The side effects of this approach show that when you add epcoritamab, you do add some side effects related to the bispecific antibody, notably the low risk of cytokine release syndrome, which is quite manageable, along with more immune suppression, B-cell depletion, and hypogammaglobulinemia.
But this is consistent with the known side effects of the relevant drugs that are included, with no new or amplified toxicity signal, and thus have resulted in a new highly effective second-line follicular lymphoma regimen with R-squared epcoritamab.
And then finally, I'll highlight one additional bispecific antibody story, and that's in relapsed refractory diffuse large B-cell lymphoma.
I presented 3-year follow-up data of the STARGLOW trial, which is a randomized trial evaluating the addition of the CD20-CD3 bispecific antibody glofitamab to gemcitabine oxaliplatin compared to our Gemox.
This randomized trial was conducted in second-line and later diffuse large B-cell lymphoma patients who were considered ineligible or without access to autologous stem cell transplant.
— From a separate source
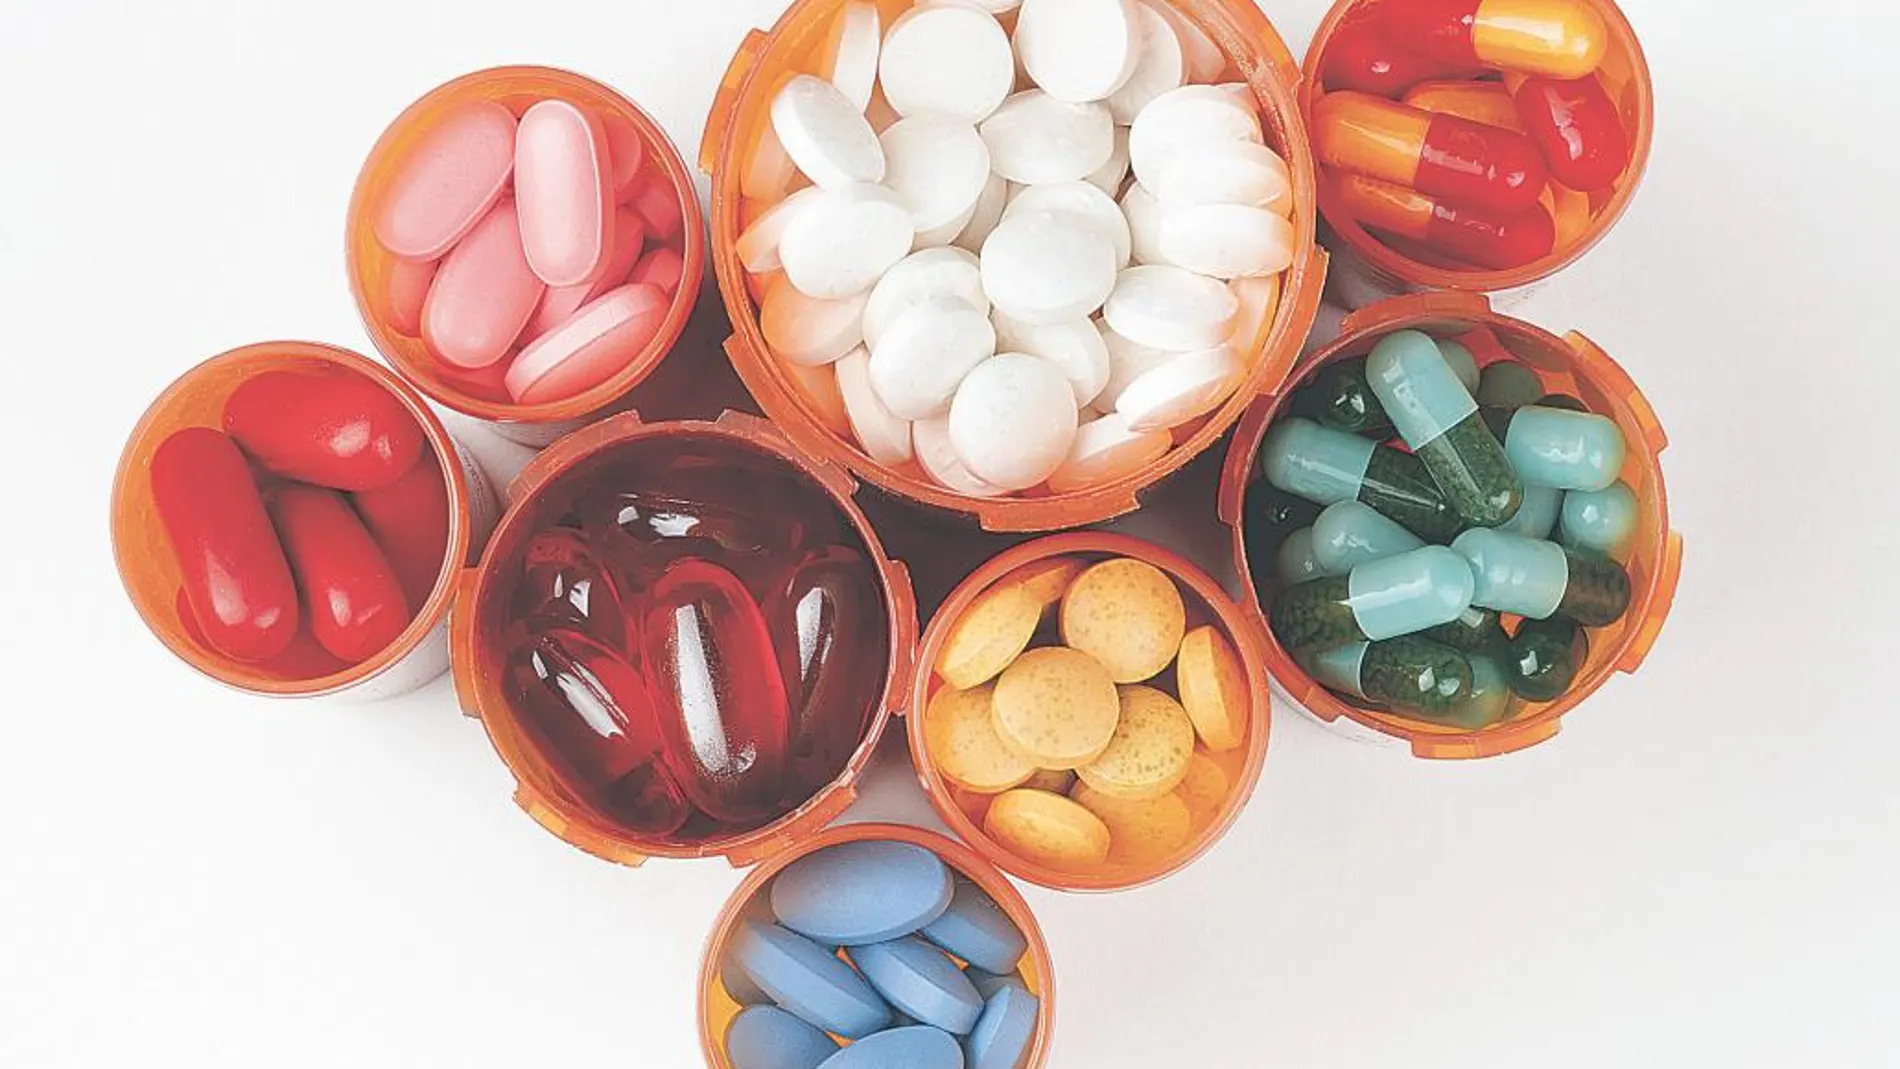 Suplementos medicinales: Puro efecto placebo

Now, with 3 years of follow-up, we see ongoing marked benefit for glofitamab Gemox over RGEMOX, with a median progression-free survival of 14 months compared to only 3 months, and a median overall survival of 26 months for glofitamab Gemox compared with only 13 months of overall survival for our Gemox.
At this meeting, we broke out the second-line patients who represented 63% of patients on the STARGLOW trial, and the results were even more impressive. Among second-line DLBCL patients not eligible for transplant, we see a median progression-free survival of 20.4 months compared to 5.5 months for RGEMOX. The median overall survival has not been reached for second-line GloFit Gemox patients compared to 14 months for RGEMOX. And at 3 years, the progression-free survival rate was nearly 42%.
For GloFit GEMOX treated patients, compared to only 26% on our Gemox patients. And at 3 years, we do see a plateau on the survival curve, suggesting that approximately 40% of patients treated with an off-the-shelf bispecific antibody regimen like low-fit Gemox, might in fact be cured. And these are patients who may not be able to travel or have access to either stem cell transplant or CAR T-cell therapy, thus potentially widening the availability for curative intent, highly active immunotherapy regimens for second-line DLBCL.